Models can now be packaged with an extra file called model.example_info.json which carries the flags needed to generate examples (model inputs) when running inference. Here is an example of what this looks like:

{
  "version": "1.10.0-beta",
  "shape": [100, 147, 10],
  "channels": [1, 2, 3, 4, 5, 6, 7, 26, 9, 10],
  "flags_for_calling": {
    "alt_aligned_pileup": "diff_channels",
    "call_small_model_examples": true,
    "keep_supplementary_alignments": true,
    "max_reads_per_partition": 600,
    "min_mapping_quality": 1,
    "parse_sam_aux_fields": true,
    "partition_size": 25000,
    "phase_reads": true,
    "pileup_image_height": 100,
    "pileup_image_width": 147,
    "realign_reads": false,
    "small_model_indel_gq_threshold": 16,
    "small_model_snp_gq_threshold": 15,
    "small_model_vaf_context_window_size": 51,
    "sort_by_haplotypes": true,
    "track_ref_reads": true,
    "trained_small_model_path": "/opt/smallmodels/pacbio",
    "trim_reads_for_pileup": true,
    "vsc_min_fraction_indels": 0.12
  }

}

The flags used to generate examples are specific to each model, and it is important that they are set correctly for a given model to match the characteristics the model was trained on.

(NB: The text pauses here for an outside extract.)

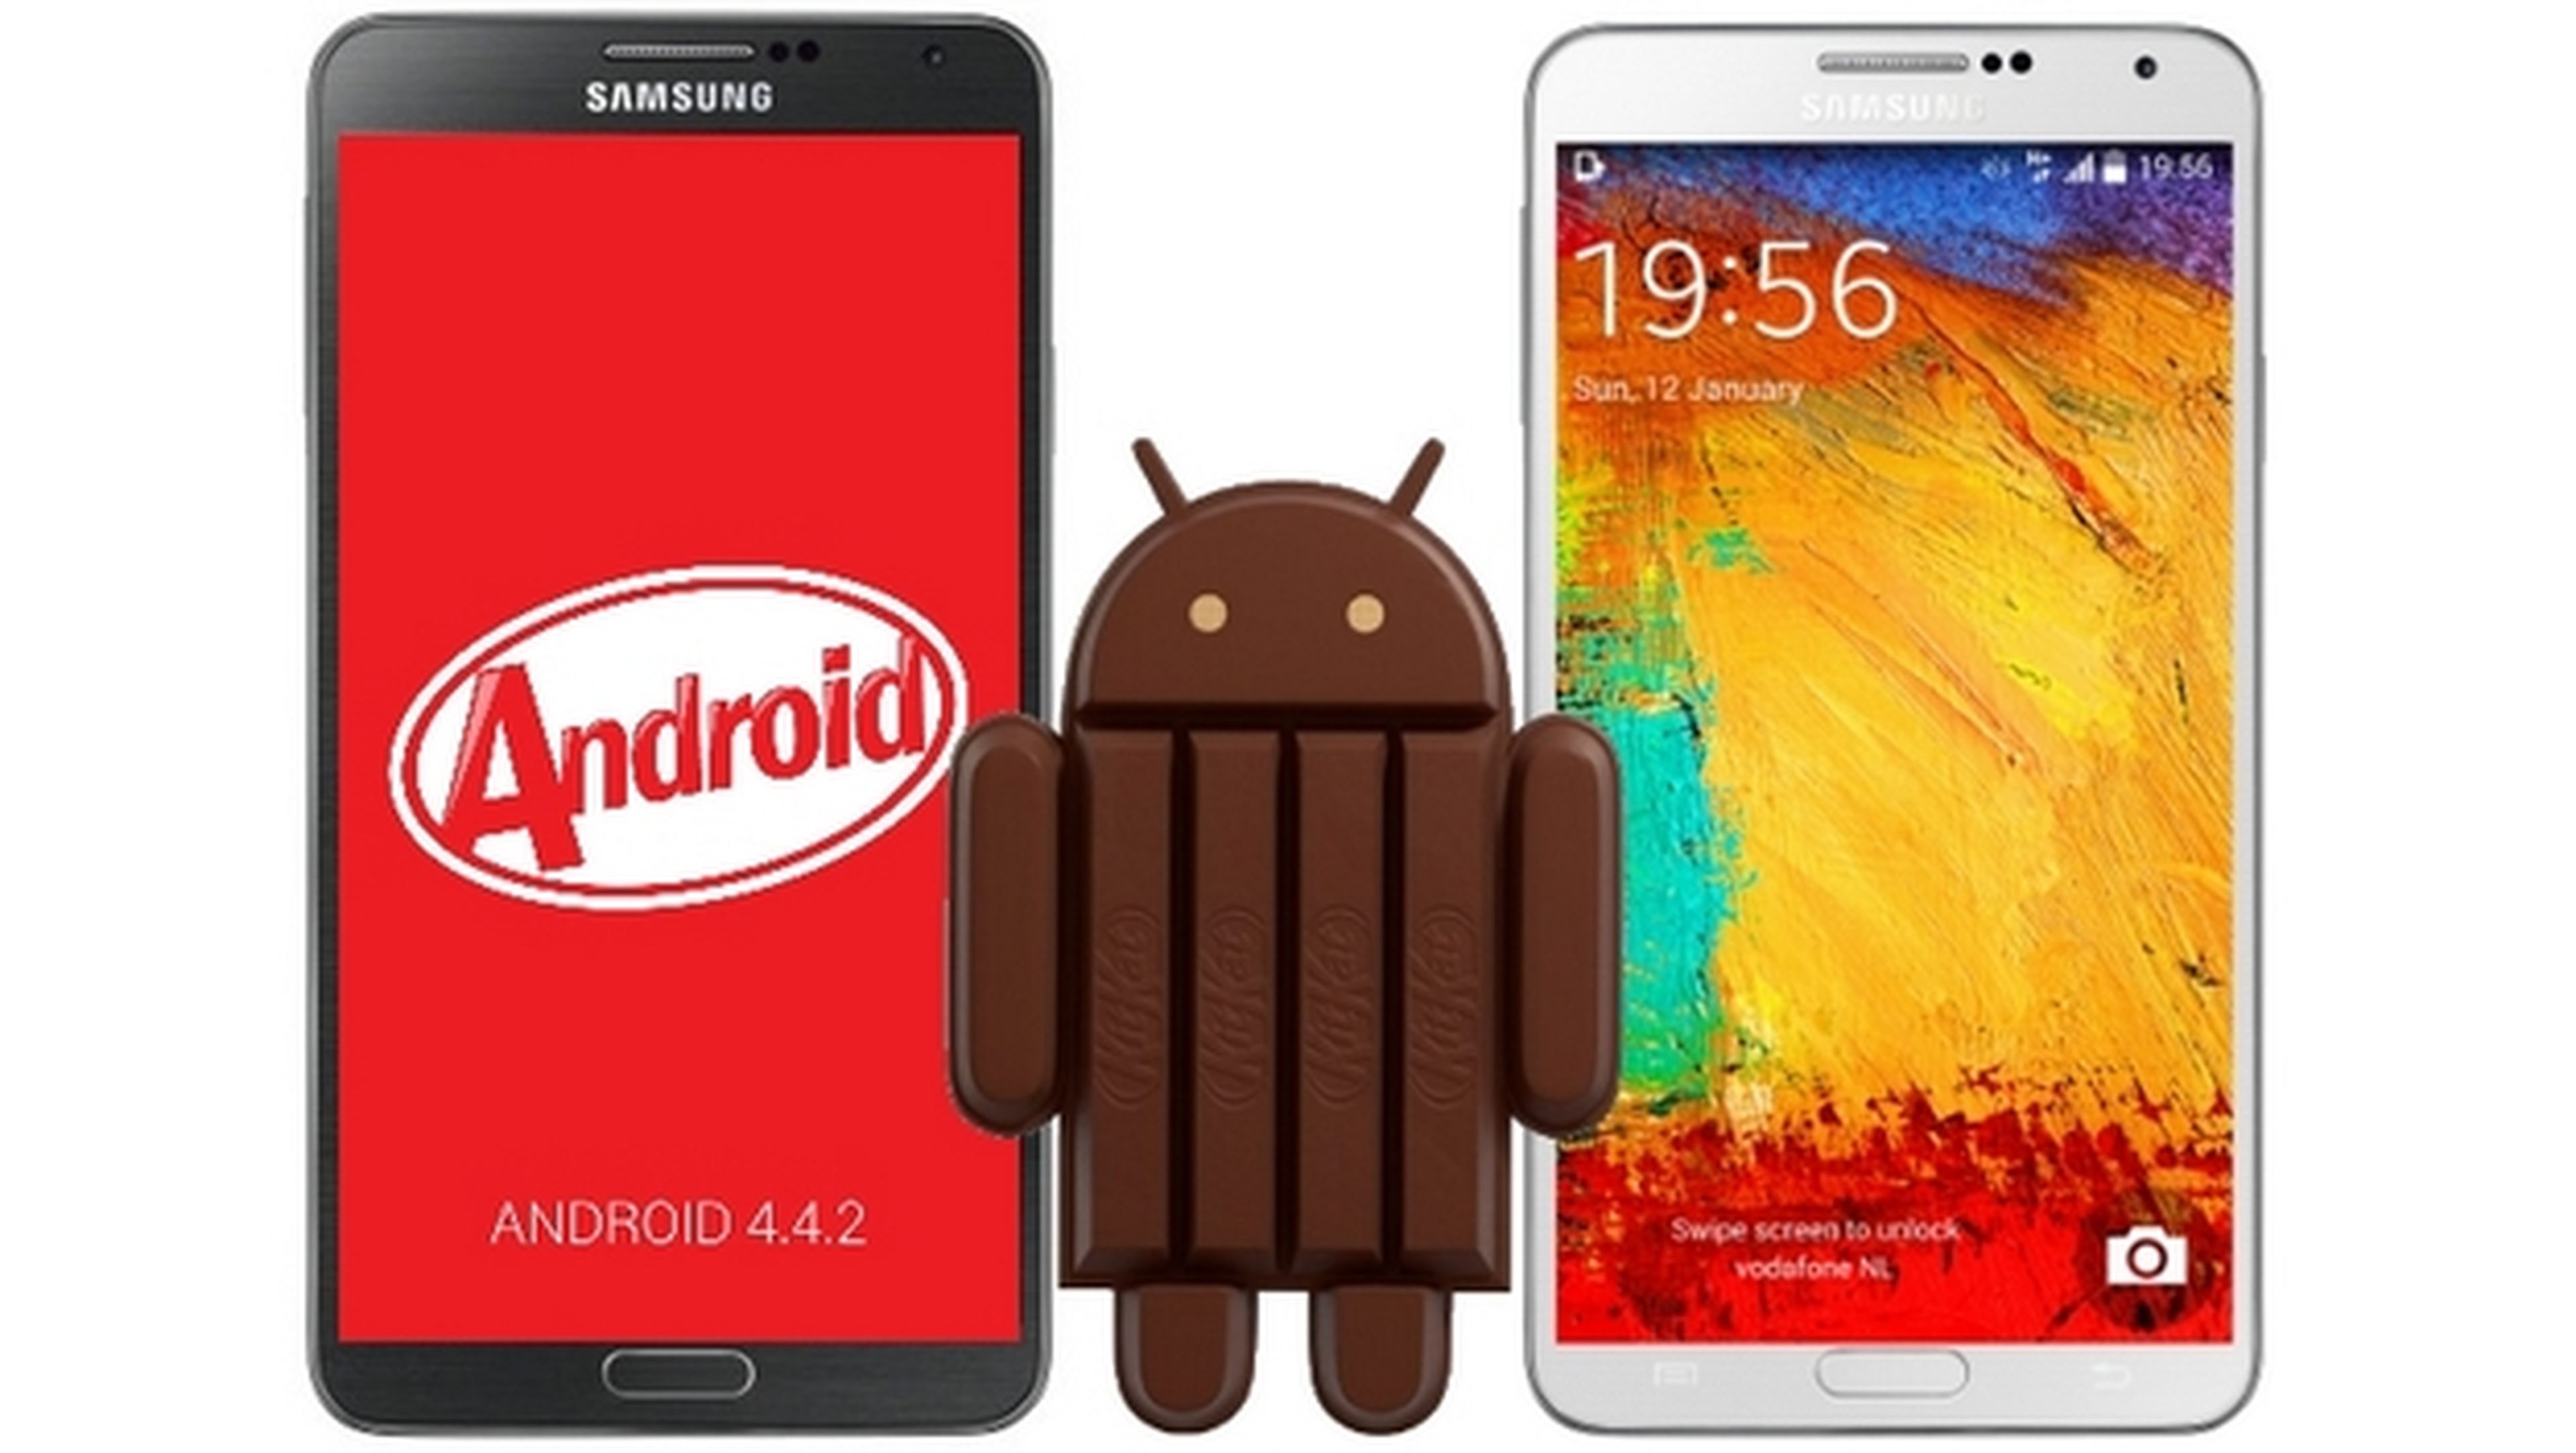 Android 4.4.2 KitKat, ya disponible para el Samsung Galaxy S4 libre I9505 en España

How is model.example_info.json useful?

DeepVariant can be run in two ways. The first way is to use the run_deepvariant command, which automatically sets options and runs each stage of DeepVariant.

The second way is to run these stages (make_examples, call_variants, and postprocess_variants) individually. This method can be significantly faster and more efficient because make_examples and call_variants can be parallelized - even across multiple machines. However, previously, this approach required that the flags for make_examples be set manually, which makes constructing more efficient pipelines tricky. With this change, users can provide the make_examples stage with the --checkpoint flag, and the model_example_info.json flag will be read in and used to set the flags appropriate for the given model.

Using model.example_info.json:

Here is an example illustrating how you could make use this setup:

make_examples \
  --mode calling \
  --ref hg38.fa \
  --reads pacbio_input.bam \
  --examples "[email protected]" \
  --checkpoint "/opt/models/pacbio" \
  --task=1

The logs should report the flags that are then set using model.example_info.json:

[make_examples_core.py:3794] Flags for calling:
alt_aligned_pileup: diff_channels
call_small_model_examples: True
keep_supplementary_alignments: True
…

Docker Images are Streamlined

Docker images have been simplified to have fewer layers and to remove unnecessary files / layers. The table below illustrates the difference in terms of disk size and the number of layers.

Version Size Number of Layers
1.9 6.1GB 114
1.10.0-beta 4.8GB 23

This reduces the size by ~21% and the number of layers by ~80%.

Additional Updates

This list is not exhaustive, and smaller bug fixes and improvements may not be listed here.

  • The ONT model now uses a new input channel, READ_SUPPORTS_VARIANT_FUZZY that indicates support for a variant based on a fuzzy, rather than exact match.
  • The ONT model now sets alt_aligned_pileup=’rows’, meaning that alternative alignments are encoded using additional pileup rows in the model input, rather than additional channels.
  • The PacBio now uses the --keep_supplementary_alignments flag which leads to a slight improvement in accuracy.
  • Tensorflow updated from 2.13.1 to 2.16.1.
  • CUDA has been updated from 11.8 to 12.3 and cuDNN has been updated from 8.6.0 to 8.9.0 in our GPU docker image.
  • Use std::stable_sort instead of std::sort for pileup image rows. This leads to consistent pileup image generation.

Note: Some outputs (e.g. VCF) may still report v1.9 in the header as we did not update all version references.